About this exercise:
Copy exactly the lines from the line holding "1991 K5 Blazer Interior" through the end of the material, and no others; pictures stay out.

Data section:
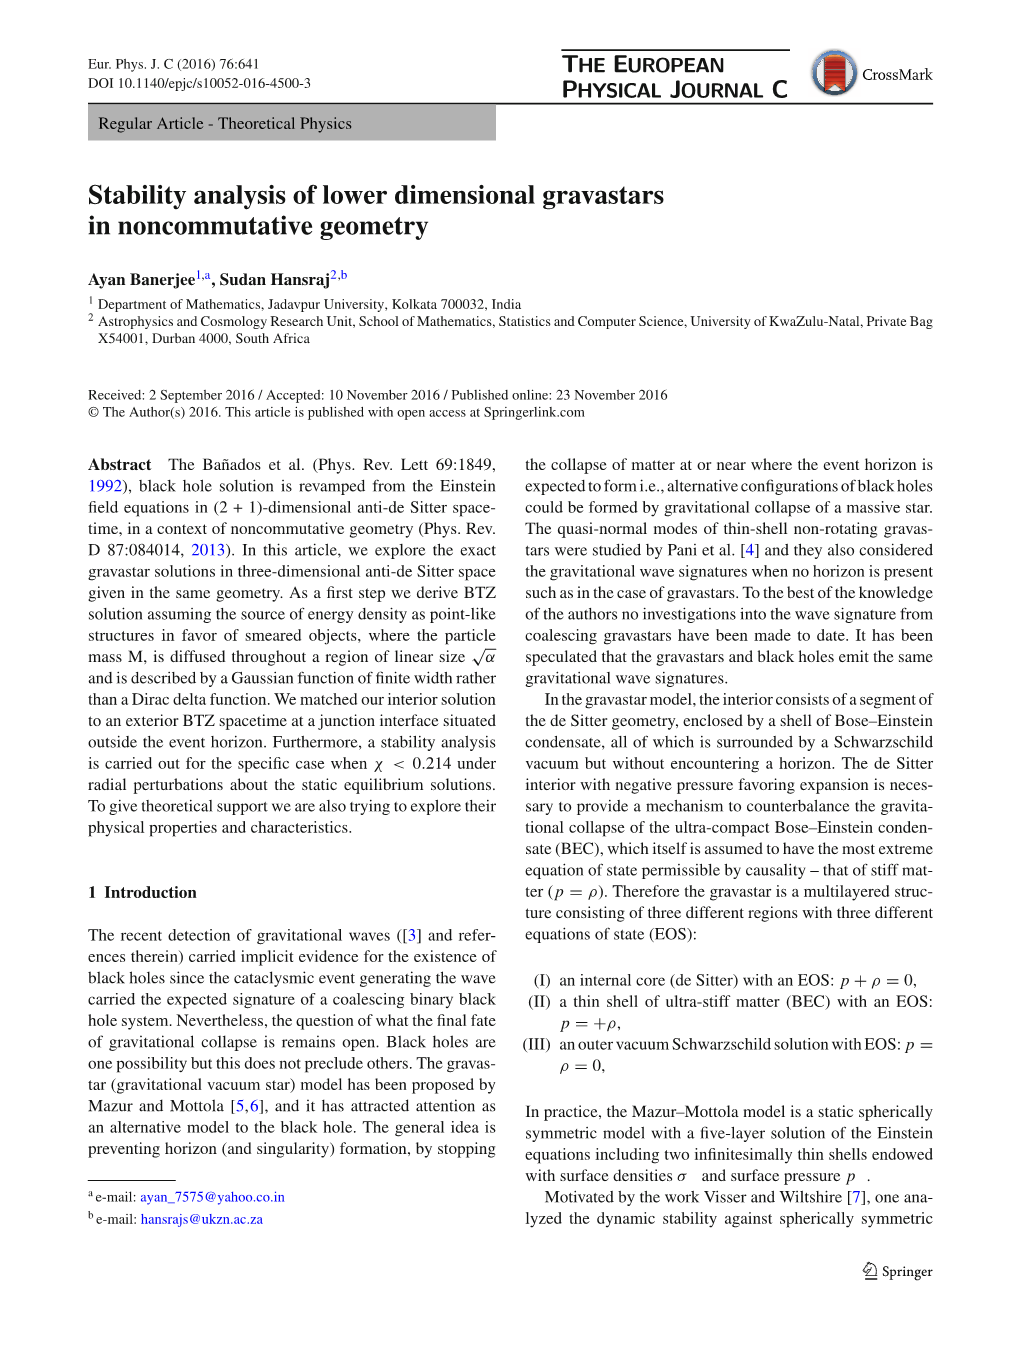 Stability Analysis of Lower Dimensional Gravastars in Noncommutative Geometry
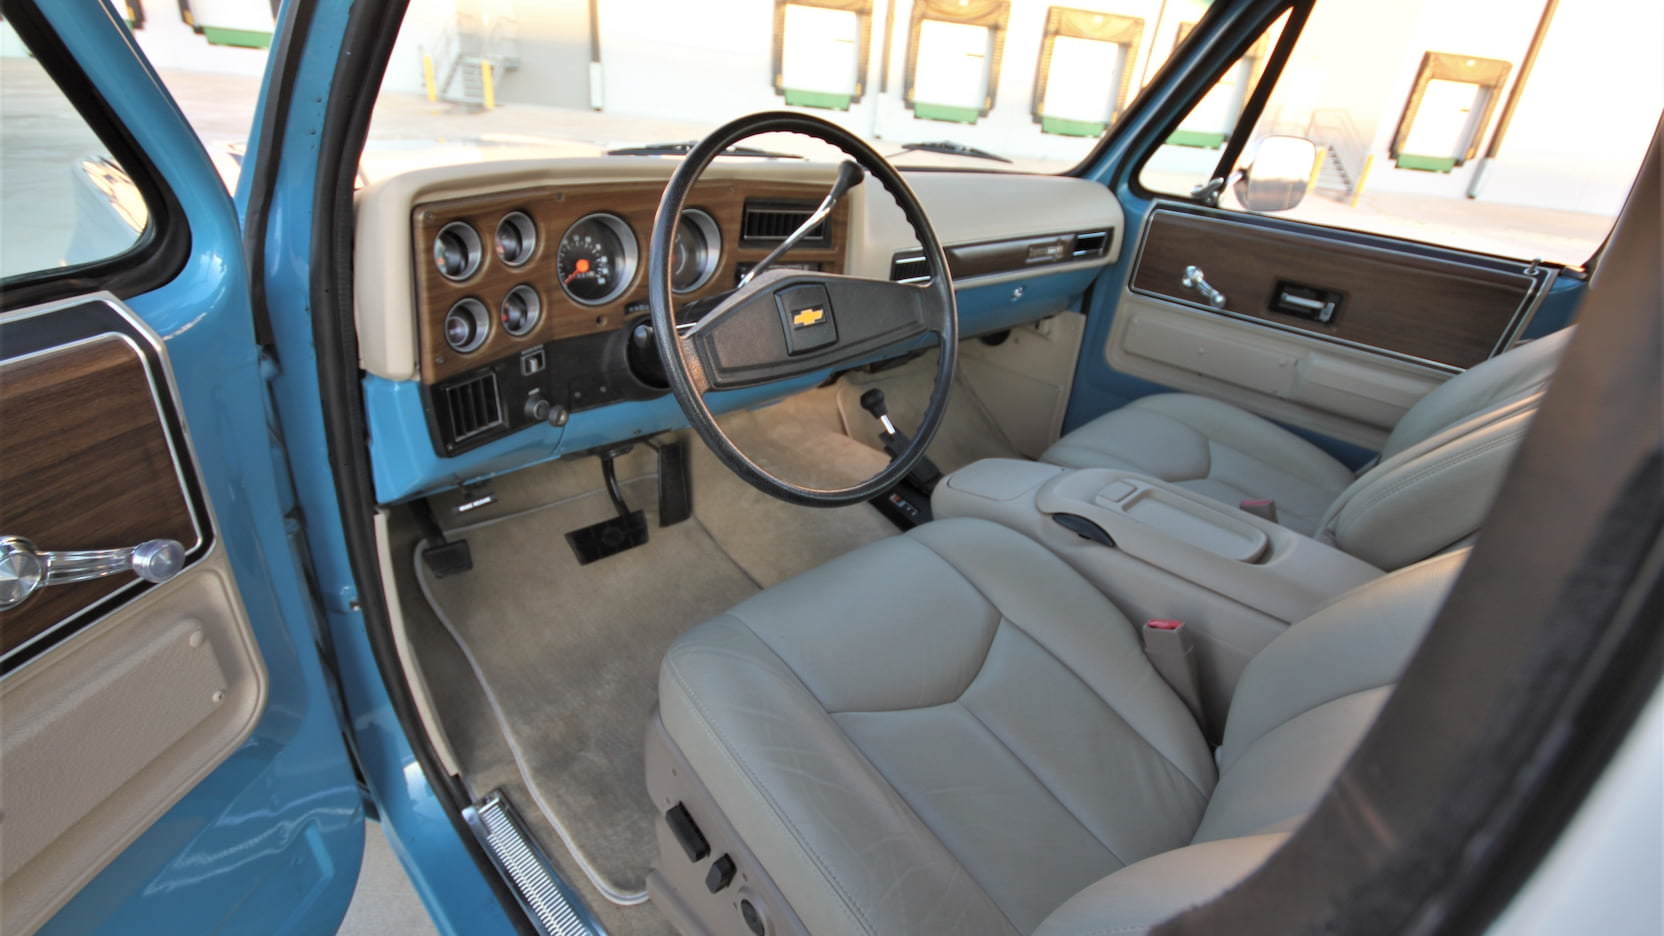 1991 K5 Blazer Interior
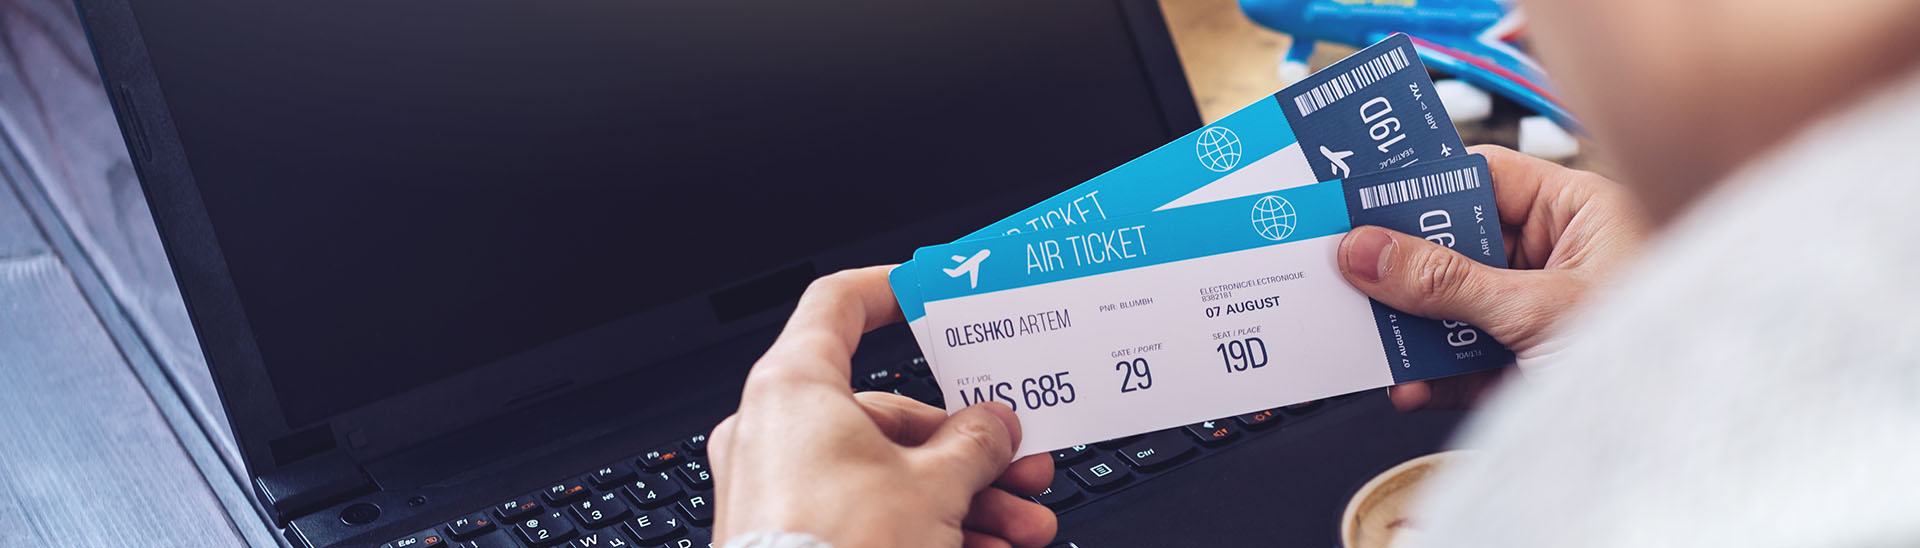 How to Get Cheap Flight Tickets

Completed task:
 1991 K5 Blazer Interior
 How to Get Cheap Flight Tickets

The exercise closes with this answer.